Continuing the music law reform momentum started in the House last month, Senator Orrin Hatch (R-UT) introduced the Music Modernization Act in the Senate today. Realizing the hopes of the recording industry, the Senate bill, S.2823, was identical to that passed by a 415-0 vote in the House last month, which should greatly streamline it’s passage.
The ambitious MMA seeks to update the way music is licensed and songwriters, artists and other creators are compensated, getting music out of the player piano era and into the digital age. The bill is noticed for a Senate Judiciary Committee hearing Tuesday (May 15) and is expected to get a full vote sometime in June, then on to the President’s desk to be signed into law.
The Senate bill was introduced with bi-partisan backing, with signatories including Chuck Grassley (R-IA), Sheldon Whitehouse (D-RI), Lamar Alexander (R-TN), Chris Coons (D-DE), John Kennedy (R-LA), Kamala Harris (D-CA), Bob Corker (R-TN), Dick Durbin (D-IL), Johnny Isakson (R-GA), Patrick Leahy (D-VT), Mike Crapo (R-ID), Doug Jones (D-AL), Thom Tillis (R-NC), Bill Nelson (D-FL) David Perdue (R-GA), Shelley Moore Capito (R-WV), and Roy Blunt (R-MO).
The Music Modernization Act combines three previously introduced pieces of legislation—the Music Modernization Act (MMA), the Compensating Legacy Artists for their Songs, Service, & Important Contributions to Society (CLASSICS) Act, and the Allocation for Music Producers (AMP) Act. The MMA has wide support across the music industry which welcomes the improvements to how songwriters, recording artists, labels, producers, sound engineers and digital music companies will do business.
“Today’s introduction is an important step toward enacting historic reform for our badly outdated music laws,” Hatch said. “For far too long, our old-fashioned, disorganized way of collecting and distributing music royalties has resulted in songwriters and other content creators being paid far too little for their work. It’s also exposed digital music companies to significant liability and created overall uncertainty in the music marketplace. As a songwriter myself, I know how important these issues are. That’s why I’m so pleased we’re taking this significant step today to bring fairness and certainty to our music laws.”
“Though the way we listen to music may change over time, the lasting mark music creators from all generations leave with us does not,” Grassley said. “This broadly bipartisan package ensures that all music creators have the access to the royalties they’ve earned and that music lovers can better access these works of art.
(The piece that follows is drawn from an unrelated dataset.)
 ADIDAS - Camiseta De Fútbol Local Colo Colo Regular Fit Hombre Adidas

I’m grateful for the hard work of my colleagues and stakeholders to advance this much-needed reform package.”
The move was hailed across the industry, with a fusselade of laudatory comments that can be read here.
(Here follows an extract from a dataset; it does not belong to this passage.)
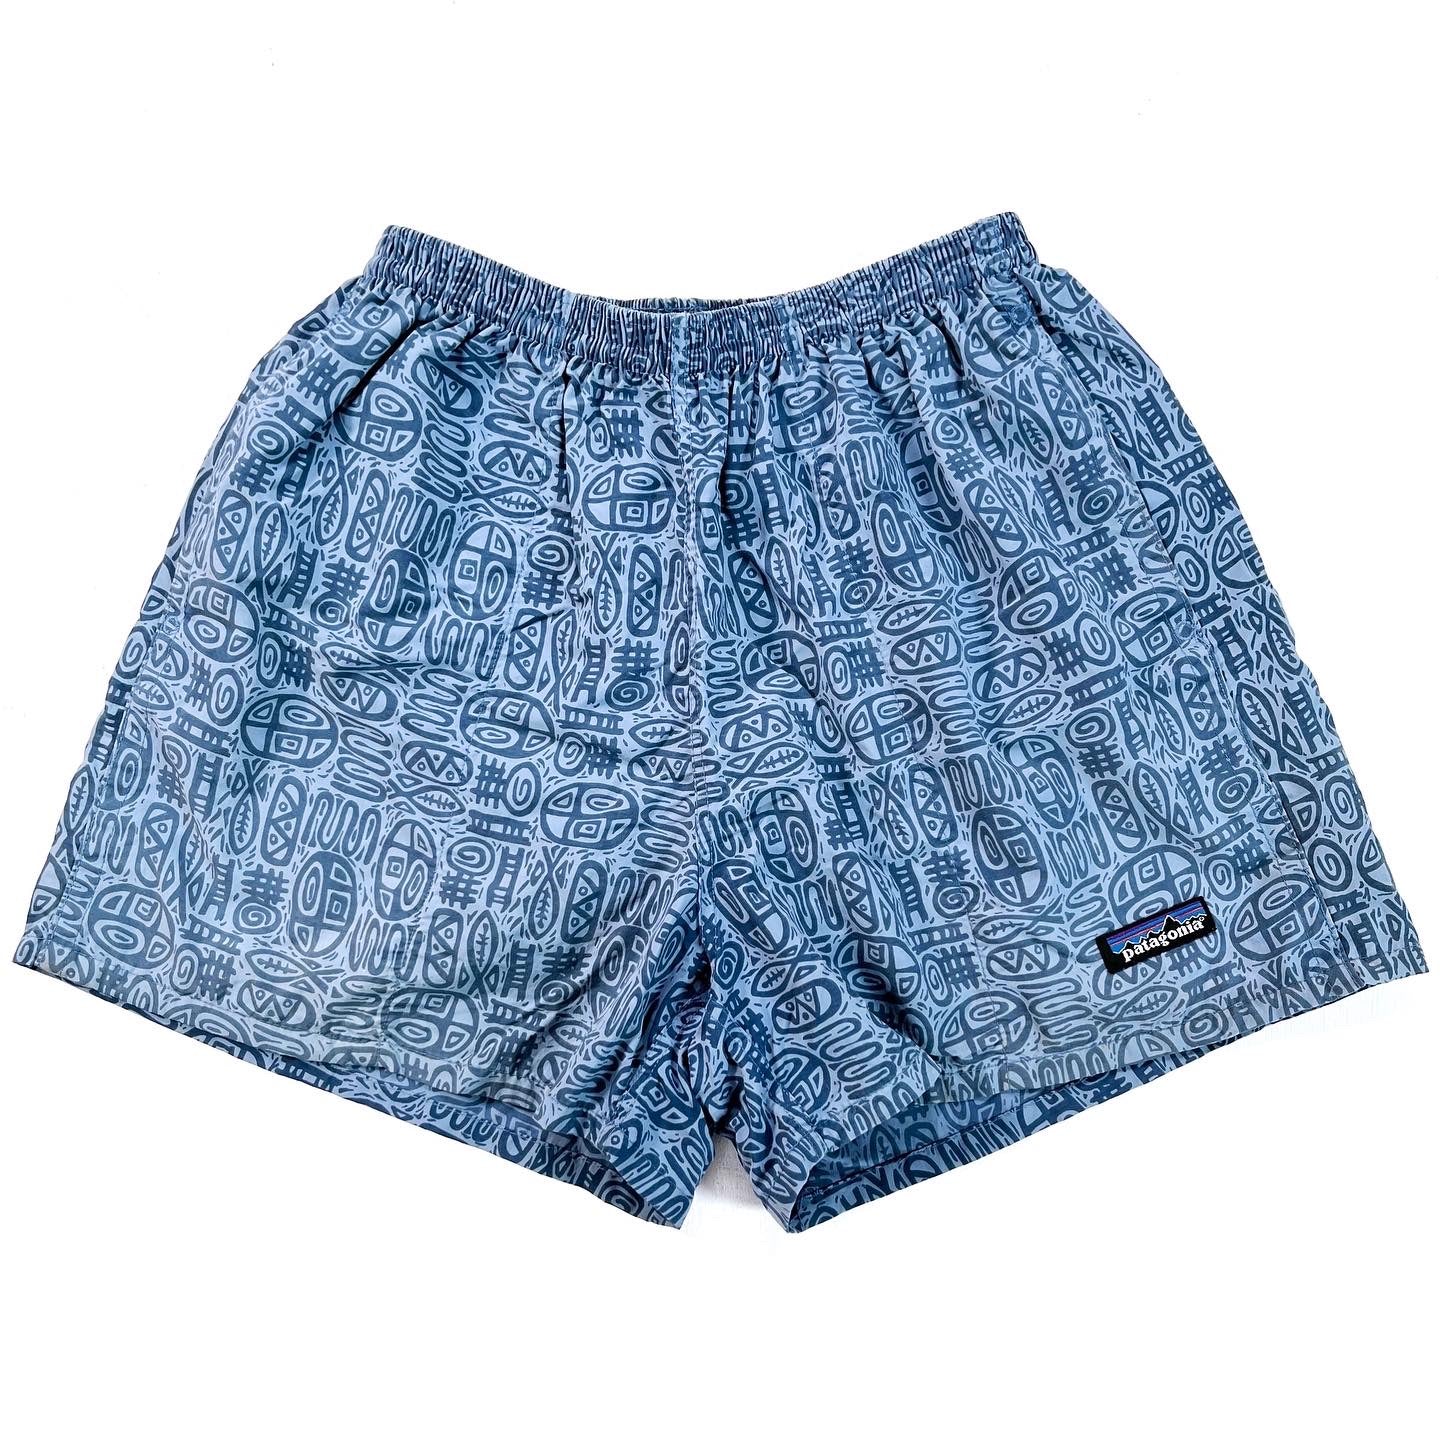 2001 Patagonia Mens 4” Printed Baggies Shorts, Blue (S)

Highlights from the combined bills are as follows.
Music Modernization Act (MMA):
- The MMA creates a new, simplified licensing system to make it easier for digital music companies to obtain a license for songs.
- The simplified system will also ensure songwriters are paid the royalties they are owed.
- In addition, the bill revises outdated songwriter royalty standards to ensure songwriters are paid a fair market rate for their work.
Compensating Legacy Artists for their Songs, Service, & Important Contributions to Society (CLASSICS) Act:
- In the 1970s, Congress extended federal copyright protections to sound recordings fixed after February 1972.
- The CLASSICS Act requires digital music services to pay for the use of pre-1972 sound recordings in the same way and at the same rate they pay for recordings fixed after 1972.
- SoundExchange, the entity that collects and distributes digital performance royalties for sound recordings, will collect royalties for pre-1972 recordings, as it does for recordings made after 1972.
Allocation for Music Producers (AMP) Act:
- Under current law, although recording artists have a right to a percentage of the royalties collected for digital performances of sound recordings, producers and engineers have no such right.
- The AMP Act would establish a procedure for producers and engineers who worked on sound recordings to apply for a share of the royalties.